Strong Cold Dead (Caitlin Strong, #8)(25)
“What do you expect, you being the only live person I’m on a speaking basis with and all? No different now than it was back in the Walls, I suppose, the thing being a man’s gotta know when it’s time to choose his words carefully.”
“There a message in there somewhere meant for me?”
Cort Wesley watched old Leroy swirl the remnants of his root beer about the bottom of the bottle, wanting to savor the last sips. “Not of my making, bubba. But now that you mention it…”
“Oh boy…”
“I find myself agreeing with you.”
“About what?”
“What you told the Ranger lady, about something spurring those workmen to action when it did. Men like that don’t do nothing unless somebody’s telling them to do it.”
“Any more pearls of wisdom to cover the price of the Hires, champ?”
“I apologize for drinking your last one, bubba,” Epps said, swirling the last of the root beer about the bottle again as he fixed his gaze out the windshield. “Always darkest where the road bends, like it’s hiding what’s around the next curve. What do you think it’d be like for a man if he could see around those curves instead of just straight ahead?”
“I imagine he’d be prepared for anything.”
“’Cepting that goes against the grain of nature on both sides of the plane, bubba. See, I can tell you where it’s darkest, but I can’t see through the paint no better than you can.”
“Is there a point in there somewhere?”
“Just this: what happens when you shine your high beams into a Texas fog bank?”
“The light bounces back at you.”
“Meaning…?”
“You’ve got to make do with whatever path your headlights can carve.”
“There you go, then.”
“I do?”
Leroy Epps drained the rest of the Hires and blew air into the bottle to make a wind sound. “You wanna know what’s coming, when the best you can do is slow down and be ready when it gets here.”
“You talking about my boys, champ?”
“We travel a winding road, bubba, not a straightaway,” he resumed. “Best we can do is keep those we love from straying onto the pavement and getting turned into roadkill.”
Cort Wesley took his eyes off the ghost to refocus on the road. When he looked back, Leroy was gone.
Cort Wesley realized that watching his old friend enjoying his root beer had worked up his own thirst. He reached behind him to the backseat floor, popped open his cooler, and felt about for the third of the root beer bottles he thought he’d stored for the ride up to Houston and the Village School. His fingers came up empty.
“Damn,” Cort Wesley uttered, shaking his head. “Son of a bitch really did drink my last one.”
20
BALCONES CANYONLANDS, TEXAS
“Who’d you say we’re meeting?” Dylan asked Ela Nocona, as they made their way to the back end of the Comanche reservation, nestled against the edge of the nature preserve, where the flatter lands gave way to sloping hills.
“My grandfather. Sort of,” she told him.
“What do you mean, ‘sort of’?”
“Long story.”
“You say that a lot.”
“What?”
“‘Long story.’ Give me the short version. Either he’s your grandfather or he’s not.”
She flashed Dylan the look she used when she was playing around, soft and tough at the same time. It set something deep inside him fluttering and briefly stole his breath. Brought him back to the first time he’d seen her, when she squeezed by and took the seat next to him in Brown University’s Salomon Center. Her hair smelled like jasmine and the rest of her like the outdoors itself.
“It’s what I call him,” Ela said finally, hoping that would be the end of it.
“That doesn’t answer my question.”
“He claims he’s my father’s grandfather—great-grandfather, actually. How’s that?”
“Besides the fact it would make him, like, over a hundred and fifty years old?”
Ela shrugged. “Everyone calls him White Eagle, Isa-tai in our language. You want to know if I believe he’s really that old somehow?

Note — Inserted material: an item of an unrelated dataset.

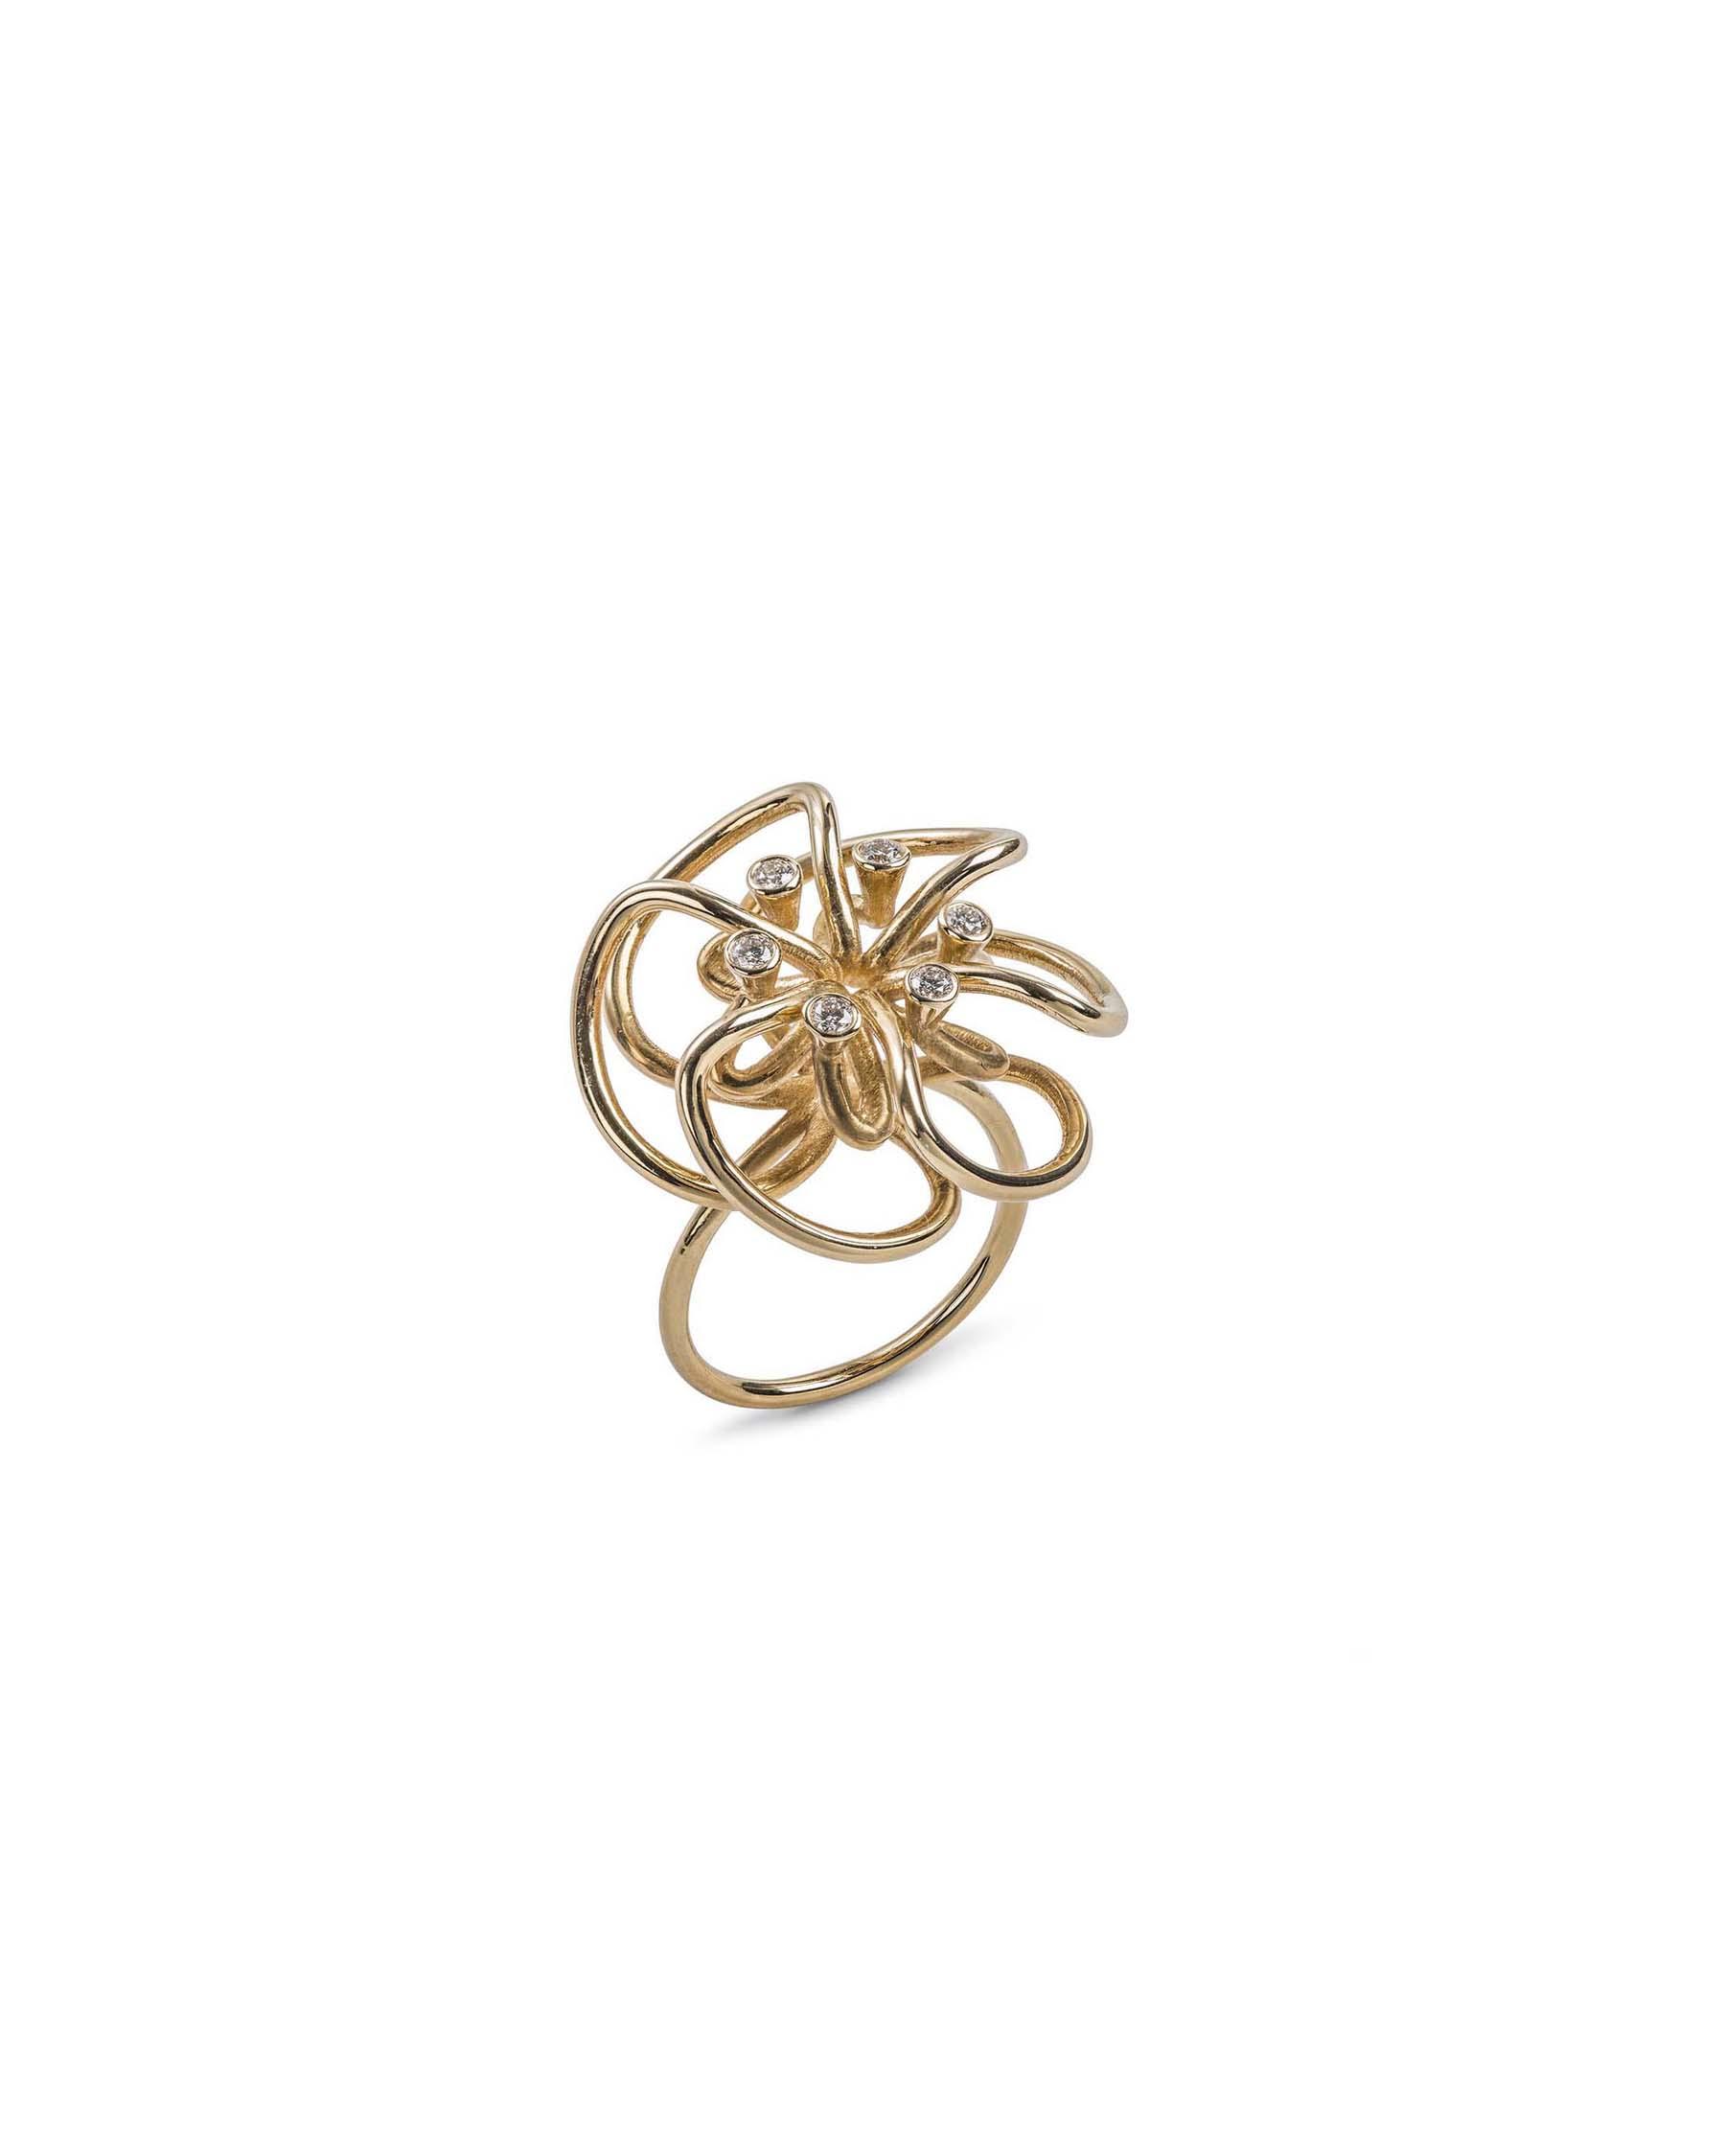 Gold flower knot ring

He’s supposed to be a shaman, and they’re only born once a century.”
“What happened to whoever was supposed to replace him in the twentieth century?”

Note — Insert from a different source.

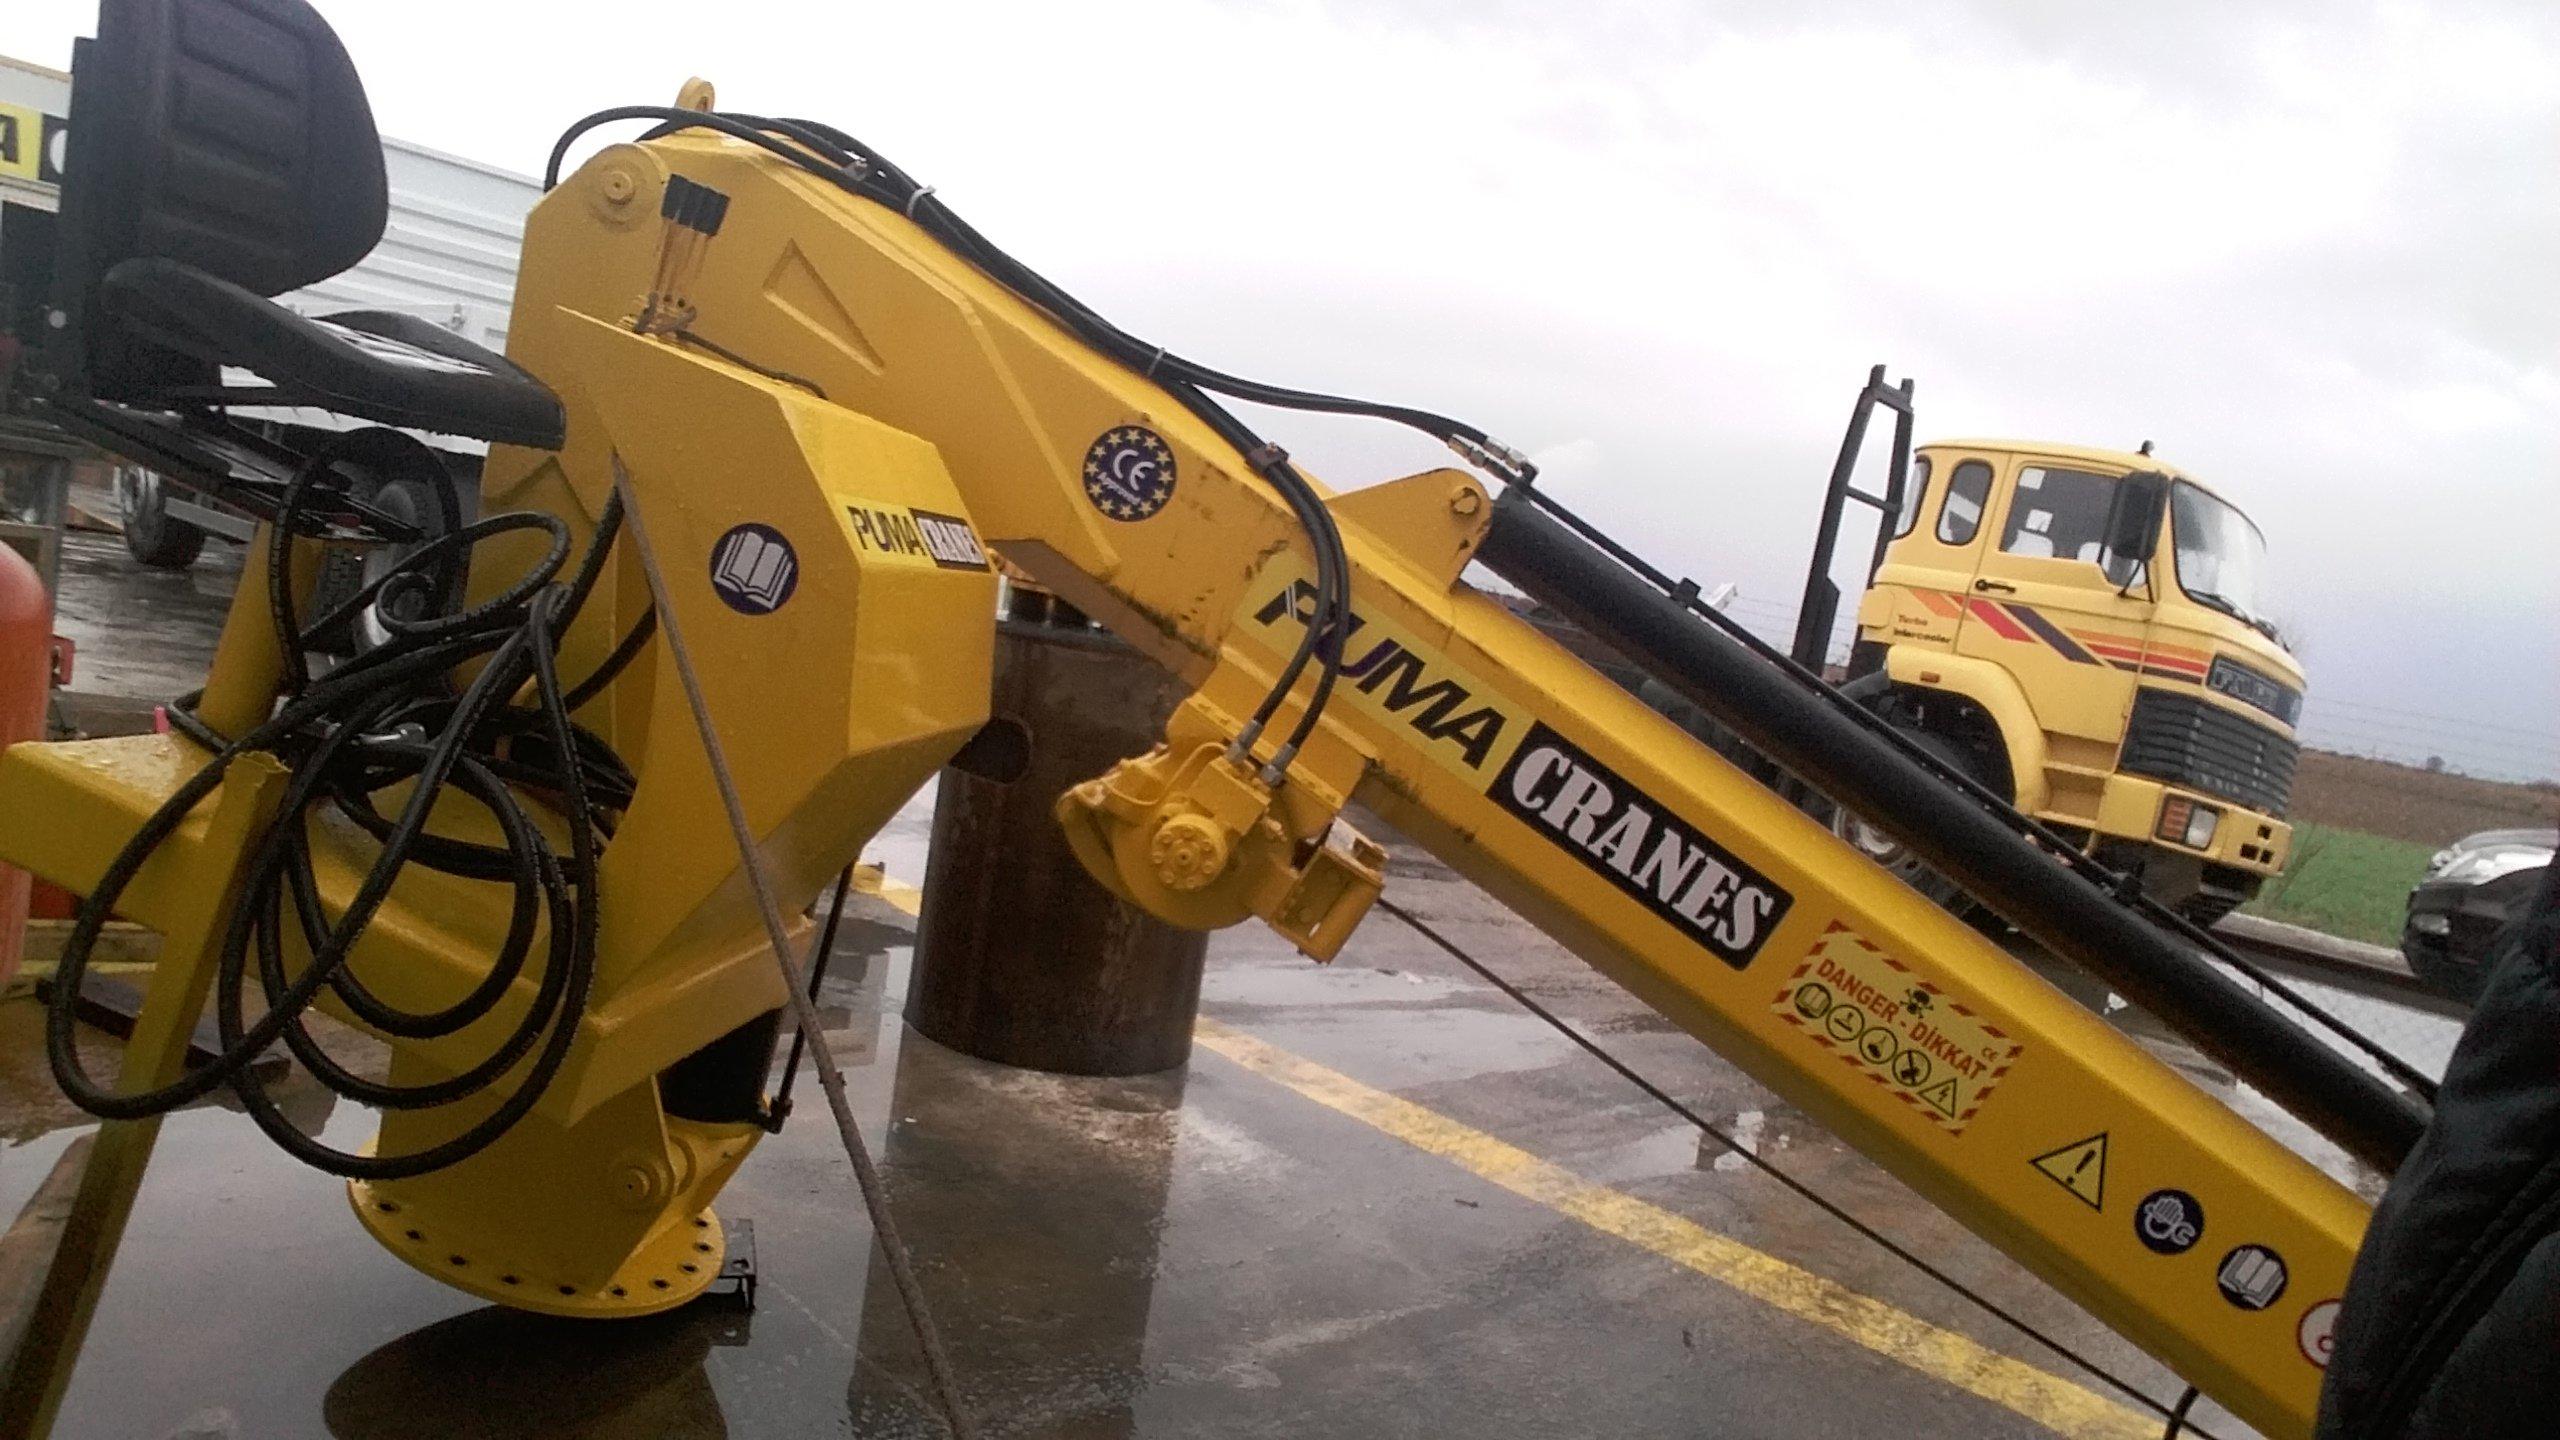 puma-marine-crane766719.jpg

“That would be my real grandfather. The bottle got him. I’ll show you his grave sometime. Guess fulfilling the tradition was too much for him.”
“Yeah, living forever takes its toll.”
Ela gave him that look again. “Are you making fun of me?”

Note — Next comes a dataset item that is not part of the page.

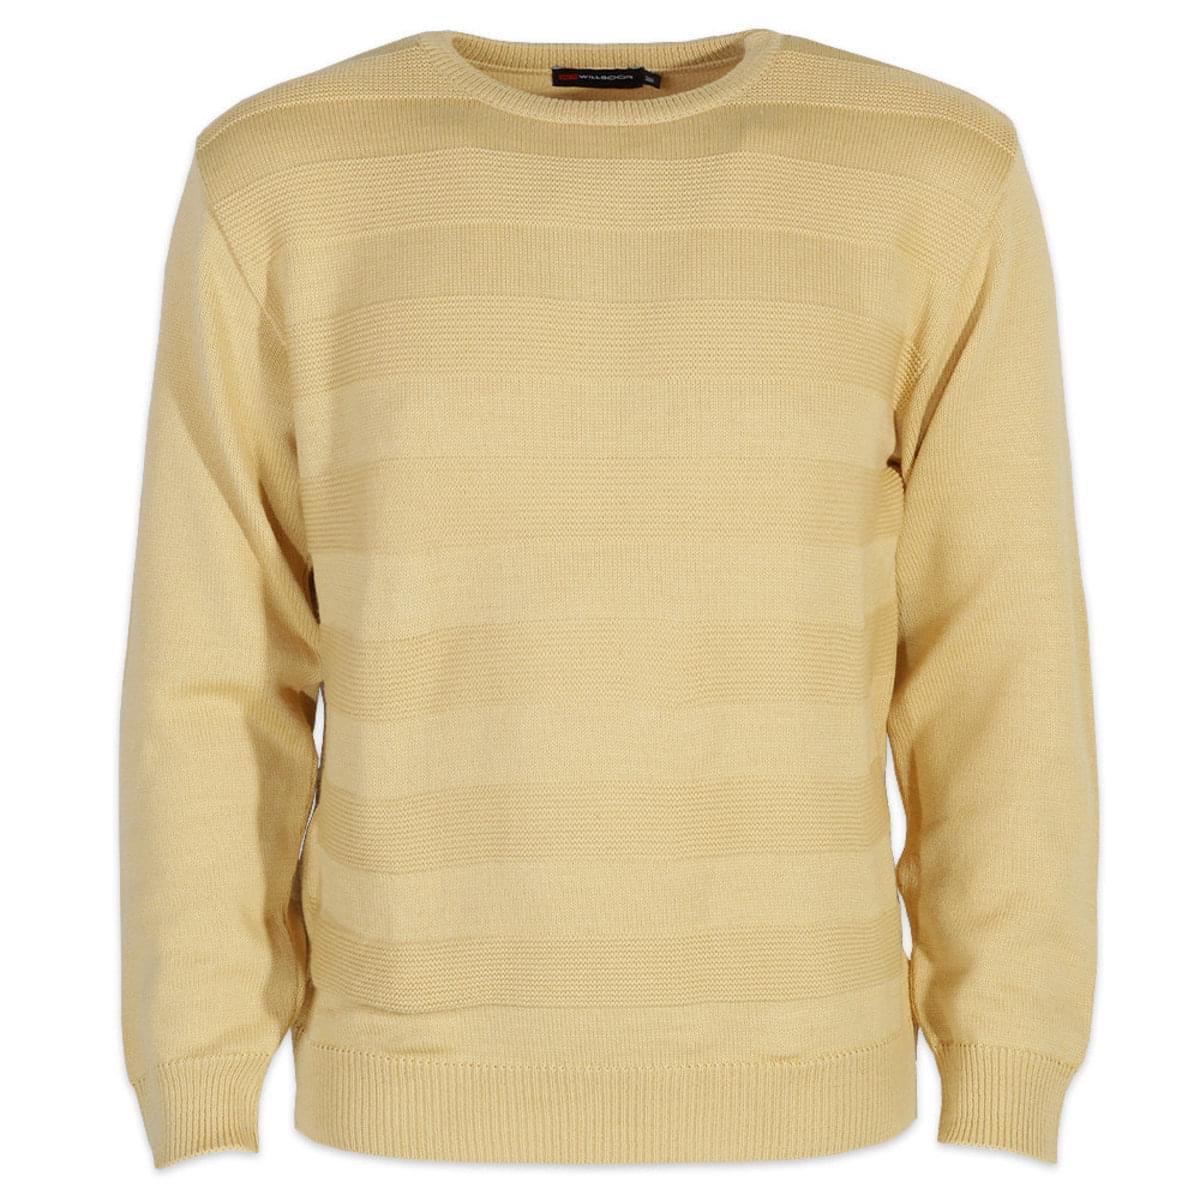 Pánský svetr Salvador 6487 ve žluté barvě XXL

“Who’s next in line?” Dylan asked, instead of responding. “As in, in the twenty-first century.”
“You’re looking at her.”
*
Ela’s grandfather, as she called him, lived on a ridge up a steep slope near the reservation’s northwest boundary, where it joined the bulk of the protected wildlife refuge. The Comanche had been deeded their parcel of land long before anyone had thought of these lands that way. Back then, people tended to take the land for granted, unspoiled by the specters of oil and gas rigs pluming the ground. If Dylan had his bearings right, continuing for a brief stretch along one of the nature paths he spotted cut through the woods would have taken them to the challenging switchbacks off the refuge’s Rimrock trail. But the clearing up ahead pushed aside thoughts of that or anything else.